00:36:32.720 But a special mention to whoever stopped the rapid testing in America,
00:36:38.440 because that may have been, I don't know,
00:36:40.020 that could have killed 100,000 people.
00:36:42.680 It's hard to know.
00:36:44.020 But I'd say whoever was the stopper of the rapid tests,
00:36:48.120 or whatever group or people,
00:36:50.940 may have killed 100,000 Americans.
00:36:54.260 But that's not even close to what Xi has done.

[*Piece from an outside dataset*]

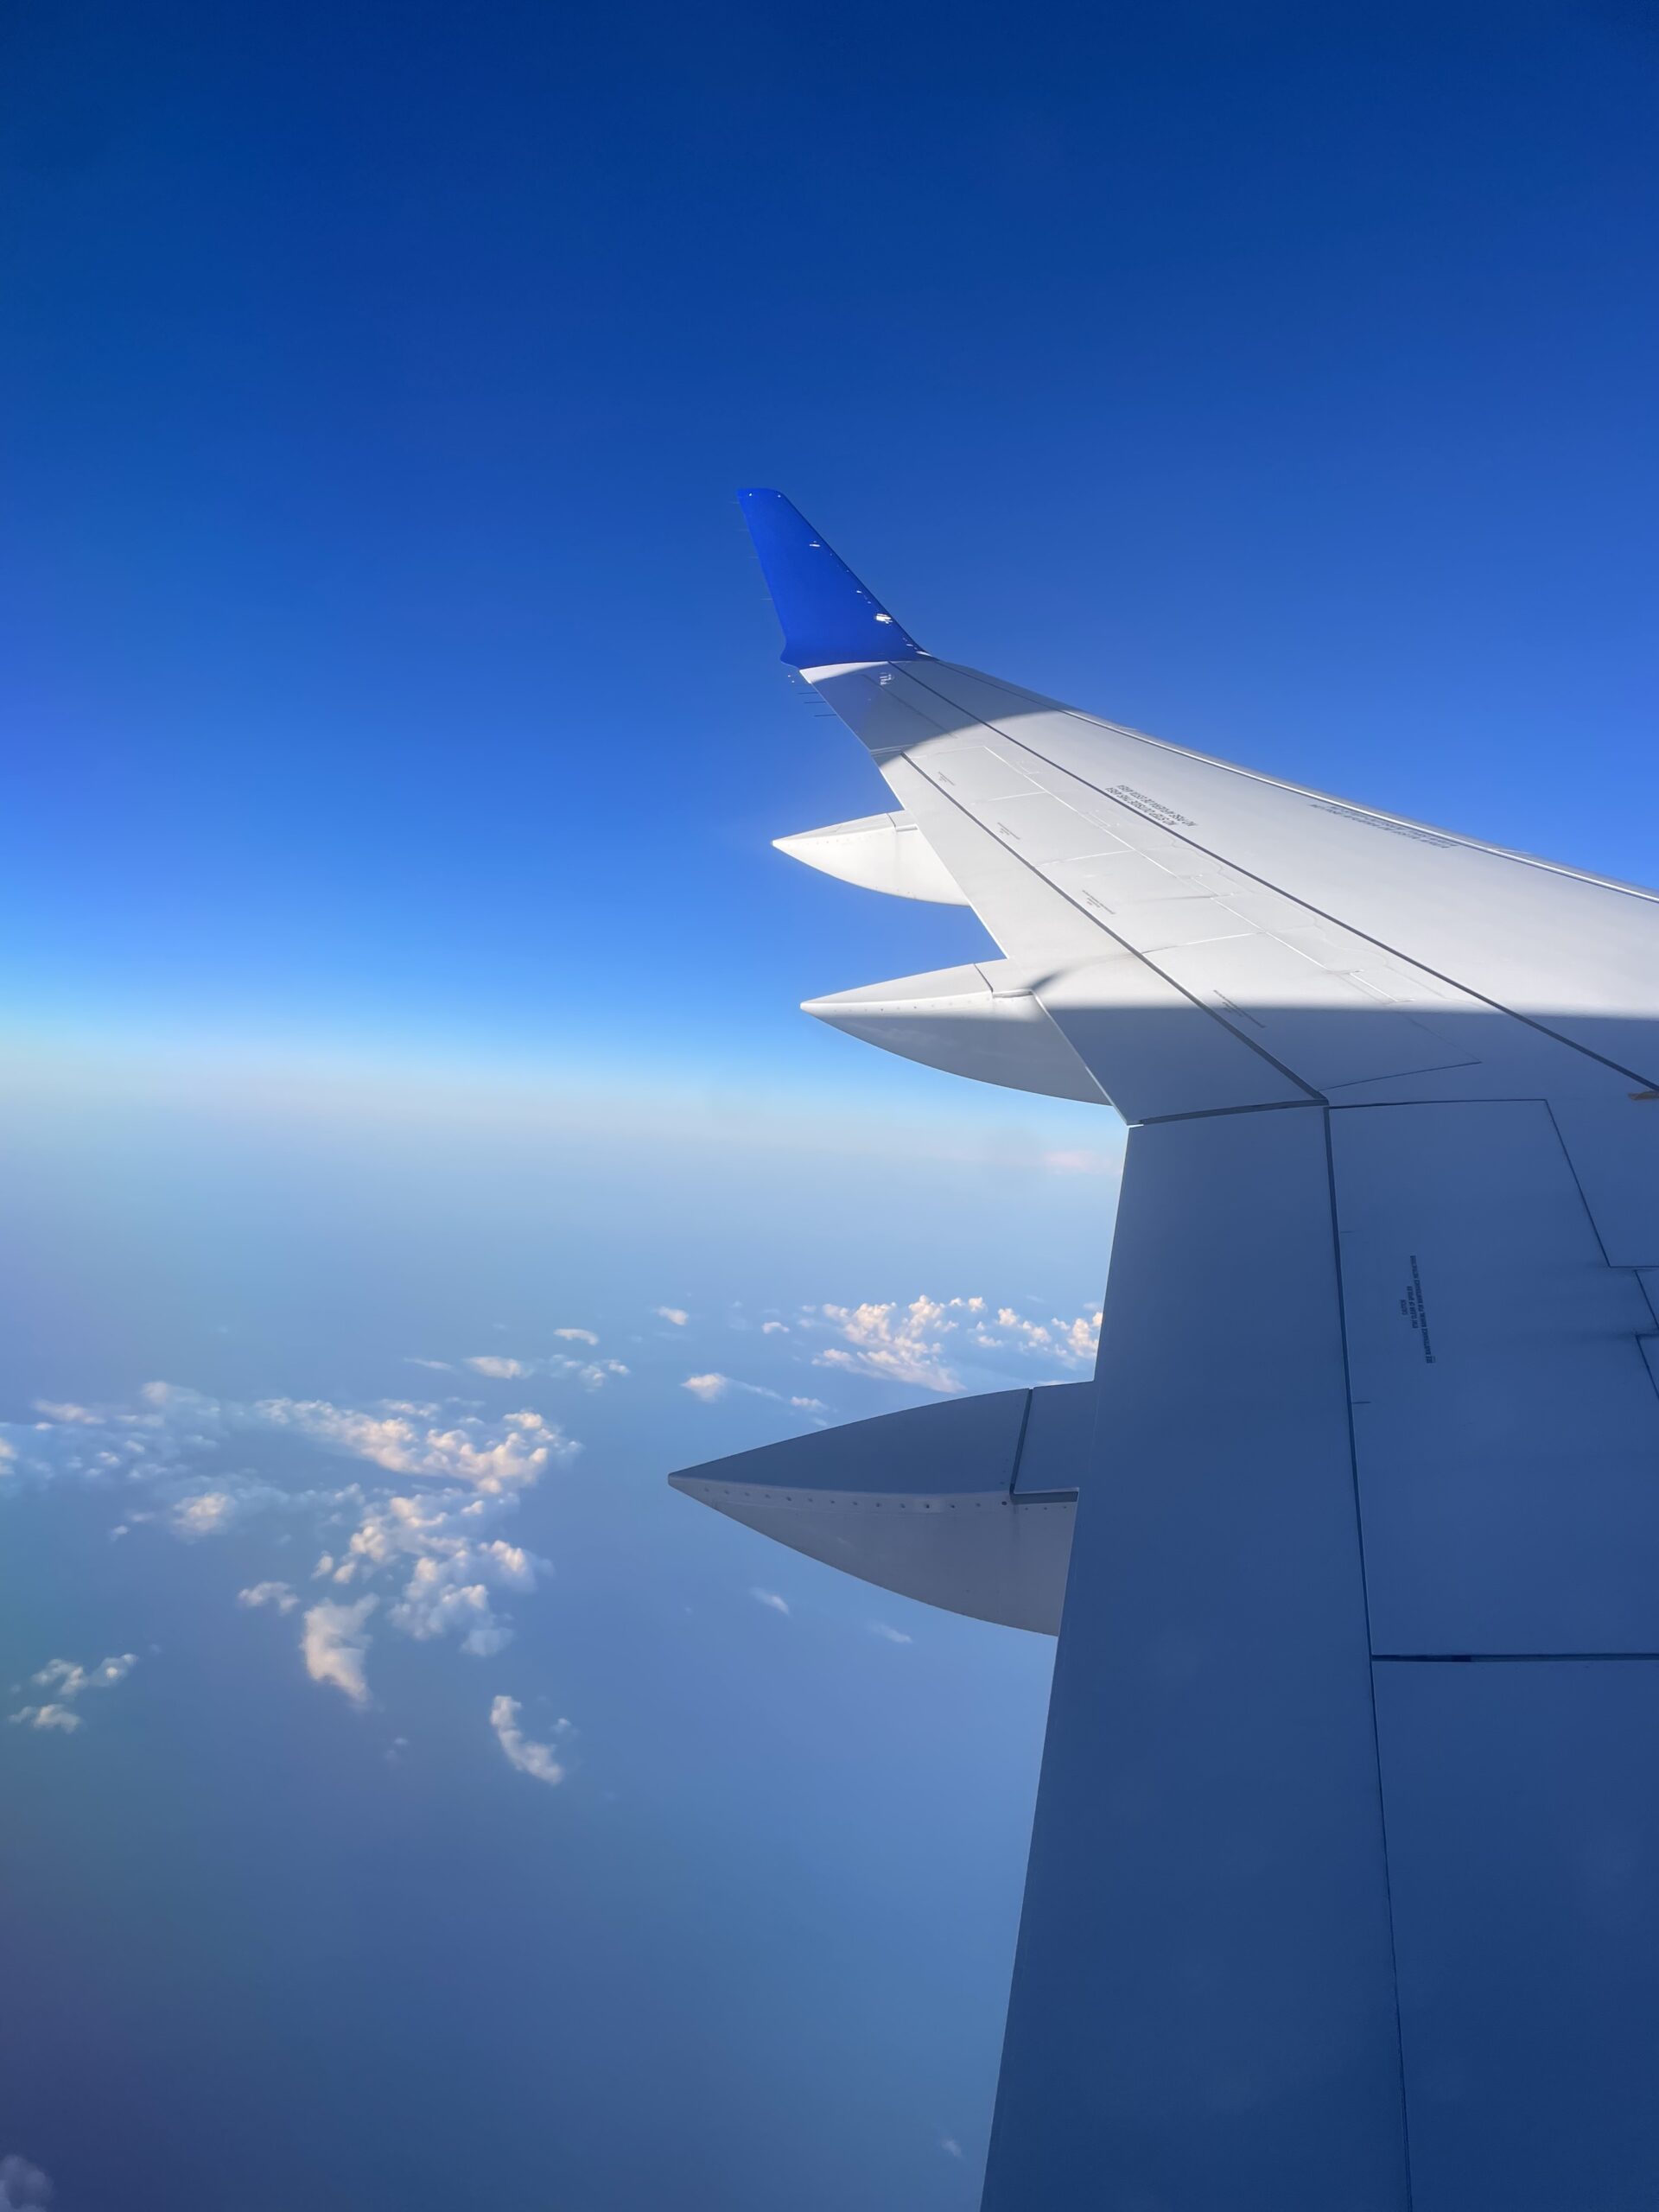 Breeze Airways Customer Reviews - SKYTRAX

00:36:58.140 Not even close.
00:36:59.760 All right.
00:37:00.040 Most inspirational event of the year.
00:37:05.040 Most inspirational.
00:37:06.460 What made you feel the best?
00:37:09.360 The most inspirational thing.
00:37:11.160 Kyle Rittenhouse.
00:37:12.100 Interesting.
00:37:13.380 That did feel good.
00:37:15.640 I have to go with Elon Musk's spaceflight.
00:37:20.820 Now, Bezos gets sort of an also-ran credit.
00:37:26.420 And, you know, so does Richard Branson, Sir Richard Branson.
00:37:32.420 But I think Elon Musk set the standard for this.
00:37:36.880 And I've got to tell you that it was the one time this year that I just got tingles.
00:37:43.180 Like, that just made me feel good about everything.
00:37:46.420 So, most inspirational event of the year.
00:37:48.620 And, of course, Elon Musk is Times Person of the Year.
00:37:50.820 And I like that pick.
00:37:53.760 What is the best news of the year?
00:37:56.220 The best good news?
00:37:57.440 Now, the rocket launch is inspirational.
00:37:59.400 But, you know, it's the beginning of a long process of what we hope to be good news.
00:38:04.440 Space conquest.
00:38:07.000 But best news of the year.
00:38:10.820 Somebody's saying Omicron.
00:38:12.700 That's on my list.
00:38:14.360 That's third on my list is Omicron is the best news of the year.
00:38:17.300 So far.
00:38:19.460 I mean, we think.
00:38:20.860 It's a little too early.
00:38:24.040 Here are the other ones.
00:38:25.820 CO2 emissions have been flat for 10 years.
00:38:29.300 Did you all know that?
00:38:30.960 I believe that's true.
00:38:32.500 The CO2 emissions from humans have been flat for 10 years.
00:38:37.140 Now, that's a big deal.
00:38:40.160 But also advancements in fusion and the turnaround in opinions on nuclear energy.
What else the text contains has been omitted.